Every line of the material must appear in the answer exactly as it does here.

INPUT DATA -
──────────

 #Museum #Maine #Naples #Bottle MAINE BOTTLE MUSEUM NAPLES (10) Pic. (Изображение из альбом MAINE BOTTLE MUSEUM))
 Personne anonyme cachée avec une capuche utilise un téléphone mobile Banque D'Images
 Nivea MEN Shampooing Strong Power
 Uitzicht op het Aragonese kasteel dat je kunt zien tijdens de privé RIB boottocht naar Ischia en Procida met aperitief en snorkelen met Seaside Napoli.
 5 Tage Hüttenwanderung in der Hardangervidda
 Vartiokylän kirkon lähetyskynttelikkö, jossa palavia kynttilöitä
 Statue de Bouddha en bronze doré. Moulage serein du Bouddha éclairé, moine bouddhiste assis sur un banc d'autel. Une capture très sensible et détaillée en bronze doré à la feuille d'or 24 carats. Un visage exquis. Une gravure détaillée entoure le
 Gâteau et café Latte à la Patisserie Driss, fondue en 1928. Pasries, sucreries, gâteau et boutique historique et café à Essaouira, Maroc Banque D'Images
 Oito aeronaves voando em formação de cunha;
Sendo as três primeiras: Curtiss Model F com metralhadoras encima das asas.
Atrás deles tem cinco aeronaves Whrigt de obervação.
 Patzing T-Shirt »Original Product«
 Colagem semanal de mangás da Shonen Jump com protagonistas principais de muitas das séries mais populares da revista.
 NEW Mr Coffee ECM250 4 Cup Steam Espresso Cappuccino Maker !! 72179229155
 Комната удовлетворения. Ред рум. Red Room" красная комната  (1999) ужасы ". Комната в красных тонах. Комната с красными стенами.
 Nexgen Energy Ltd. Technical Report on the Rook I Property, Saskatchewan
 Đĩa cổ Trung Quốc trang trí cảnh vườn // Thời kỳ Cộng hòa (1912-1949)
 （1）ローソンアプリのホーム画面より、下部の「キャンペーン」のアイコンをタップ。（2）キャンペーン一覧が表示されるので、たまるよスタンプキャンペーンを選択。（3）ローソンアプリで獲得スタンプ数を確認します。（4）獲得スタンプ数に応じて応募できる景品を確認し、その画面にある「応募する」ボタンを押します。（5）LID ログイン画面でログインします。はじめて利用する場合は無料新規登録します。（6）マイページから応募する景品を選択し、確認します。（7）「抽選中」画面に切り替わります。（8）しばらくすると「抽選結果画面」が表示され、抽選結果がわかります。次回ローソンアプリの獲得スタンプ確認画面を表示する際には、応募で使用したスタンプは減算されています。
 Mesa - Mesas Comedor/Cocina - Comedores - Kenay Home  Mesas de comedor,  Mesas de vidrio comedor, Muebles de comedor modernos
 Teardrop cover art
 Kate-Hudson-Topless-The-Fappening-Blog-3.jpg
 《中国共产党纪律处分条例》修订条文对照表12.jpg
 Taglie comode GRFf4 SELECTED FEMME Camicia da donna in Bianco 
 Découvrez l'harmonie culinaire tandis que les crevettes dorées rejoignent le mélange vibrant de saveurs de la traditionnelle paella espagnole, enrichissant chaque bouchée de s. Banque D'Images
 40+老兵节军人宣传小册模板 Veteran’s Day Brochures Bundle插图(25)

──────────

RESPONSE AREA -
 #Museum #Maine #Naples #Bottle MAINE BOTTLE MUSEUM NAPLES (10) Pic. (Изображение из альбом MAINE BOTTLE MUSEUM))
 Personne anonyme cachée avec une capuche utilise un téléphone mobile Banque D'Images
 Nivea MEN Shampooing Strong Power
 Uitzicht op het Aragonese kasteel dat je kunt zien tijdens de privé RIB boottocht naar Ischia en Procida met aperitief en snorkelen met Seaside Napoli.
 5 Tage Hüttenwanderung in der Hardangervidda
 Vartiokylän kirkon lähetyskynttelikkö, jossa palavia kynttilöitä
 Statue de Bouddha en bronze doré. Moulage serein du Bouddha éclairé, moine bouddhiste assis sur un banc d'autel. Une capture très sensible et détaillée en bronze doré à la feuille d'or 24 carats. Un visage exquis. Une gravure détaillée entoure le
 Gâteau et café Latte à la Patisserie Driss, fondue en 1928. Pasries, sucreries, gâteau et boutique historique et café à Essaouira, Maroc Banque D'Images
 Oito aeronaves voando em formação de cunha;
Sendo as três primeiras: Curtiss Model F com metralhadoras encima das asas.
Atrás deles tem cinco aeronaves Whrigt de obervação.
 Patzing T-Shirt »Original Product«
 Colagem semanal de mangás da Shonen Jump com protagonistas principais de muitas das séries mais populares da revista.
 NEW Mr Coffee ECM250 4 Cup Steam Espresso Cappuccino Maker !! 72179229155
 Комната удовлетворения. Ред рум. Red Room" красная комната  (1999) ужасы ". Комната в красных тонах. Комната с красными стенами.
 Nexgen Energy Ltd. Technical Report on the Rook I Property, Saskatchewan
 Đĩa cổ Trung Quốc trang trí cảnh vườn // Thời kỳ Cộng hòa (1912-1949)
 （1）ローソンアプリのホーム画面より、下部の「キャンペーン」のアイコンをタップ。（2）キャンペーン一覧が表示されるので、たまるよスタンプキャンペーンを選択。（3）ローソンアプリで獲得スタンプ数を確認します。（4）獲得スタンプ数に応じて応募できる景品を確認し、その画面にある「応募する」ボタンを押します。（5）LID ログイン画面でログインします。はじめて利用する場合は無料新規登録します。（6）マイページから応募する景品を選択し、確認します。（7）「抽選中」画面に切り替わります。（8）しばらくすると「抽選結果画面」が表示され、抽選結果がわかります。次回ローソンアプリの獲得スタンプ確認画面を表示する際には、応募で使用したスタンプは減算されています。
 Mesa - Mesas Comedor/Cocina - Comedores - Kenay Home  Mesas de comedor,  Mesas de vidrio comedor, Muebles de comedor modernos
 Teardrop cover art
 Kate-Hudson-Topless-The-Fappening-Blog-3.jpg
 《中国共产党纪律处分条例》修订条文对照表12.jpg
 Taglie comode GRFf4 SELECTED FEMME Camicia da donna in Bianco 
 Découvrez l'harmonie culinaire tandis que les crevettes dorées rejoignent le mélange vibrant de saveurs de la traditionnelle paella espagnole, enrichissant chaque bouchée de s. Banque D'Images
 40+老兵节军人宣传小册模板 Veteran’s Day Brochures Bundle插图(25)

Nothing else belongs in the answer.